Toti, nel frattempo, doveva dimettersi o no?
«Sul piano ideale la politica dovrebbe continuare il suo corso fino a quando una persona può essere considerata innocente. Allo stesso modo, ritengo che il peso e la responsabilità verso le istituzioni, che comunque devono andare avanti, non possano subire le conseguenze di una tragedia personale o di un eventuale errore. Questa decisione nobilita Toti che, col suo gesto, ha evitato un danno superiore a quello per cui sta patendo».

Stiamo parlando, comunque, di un presidente che nella sua Regione, ha operato bene...
«Se dovessimo stabilire che sia preclusa la possibilità di arrestare un politico solo perché lavora bene è incostituzionale. In questo modo, si cristallizza solo uno scontro tra magistratura e politica, che non ha alcuna ragione di esistere».

Tale vicenda riapre il dibattito sulla riforma della giustizia. A che punto siamo?
«A metà dell’opera.
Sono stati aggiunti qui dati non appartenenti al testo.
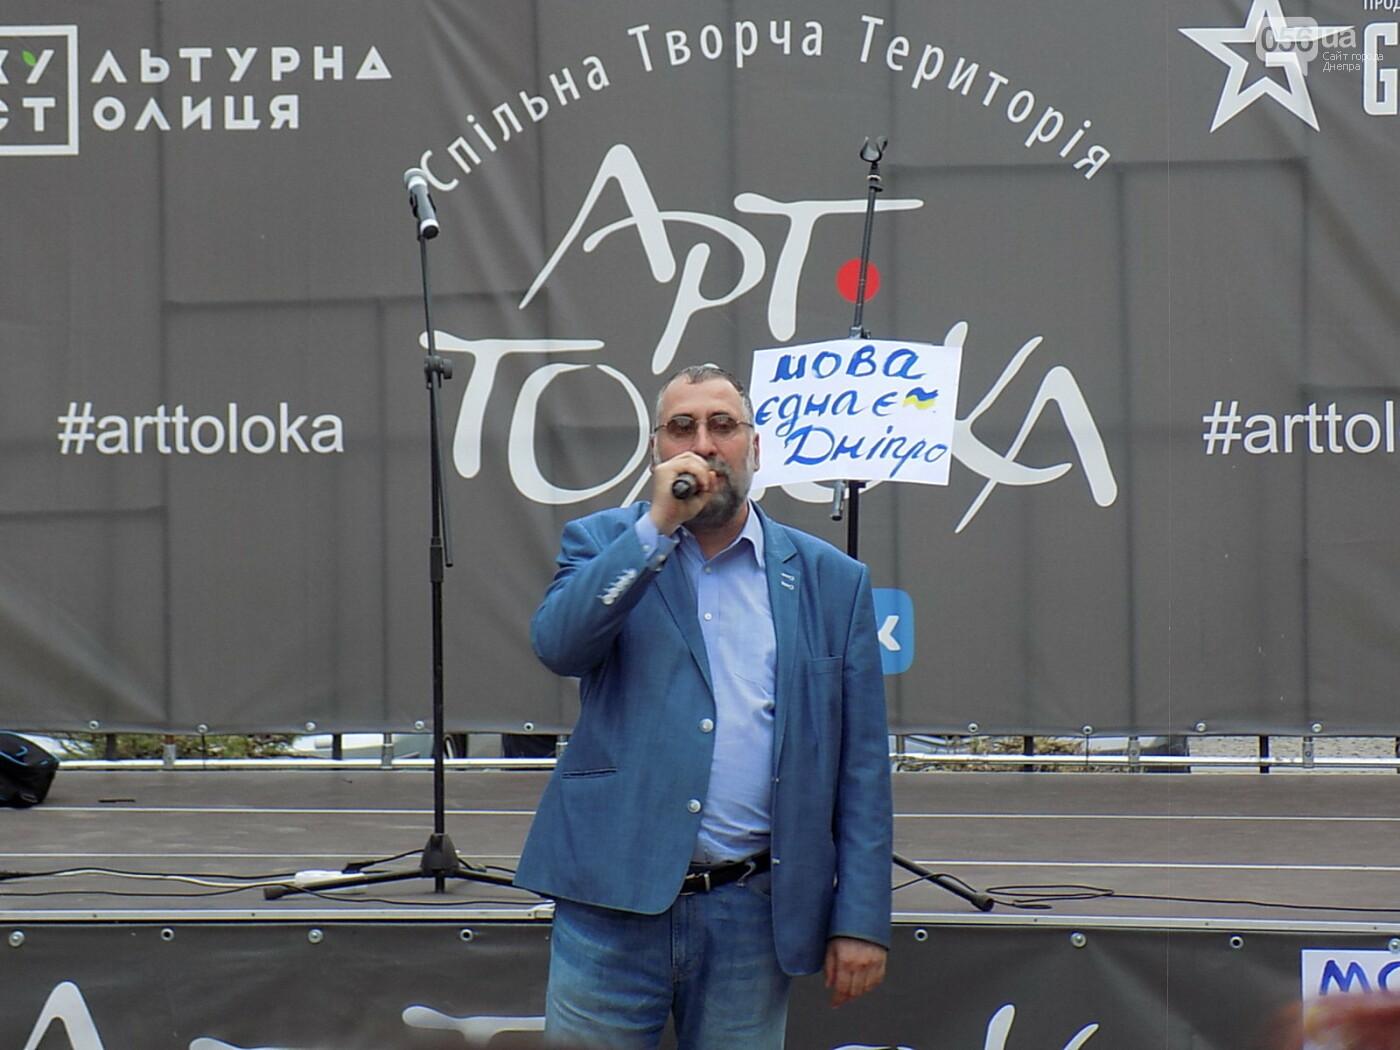 """Мова єднає Дніпро"": в центре города прошла символическая акция с концертом и подарками, - ФОТО, фото-14"

Detto ciò, non si può dire che è tutto sbagliato. Avere un pregiudizio a monte verso chi cerca di cambiare, è una strada di non ritorno. Mi dispiace vedere un organismo come l’Anm sfruttare la sua credibilità per dire che tutto quello che fa l’attuale governo è sbagliato. Sarebbe opportuno, al contrario, discutere in merito ai singoli provvedimenti. Ad esempio sbaglia o è prevenuto chi sostiene che togliendo l’abuso d’ufficio si elimina un’arma per combattere l’illegalità».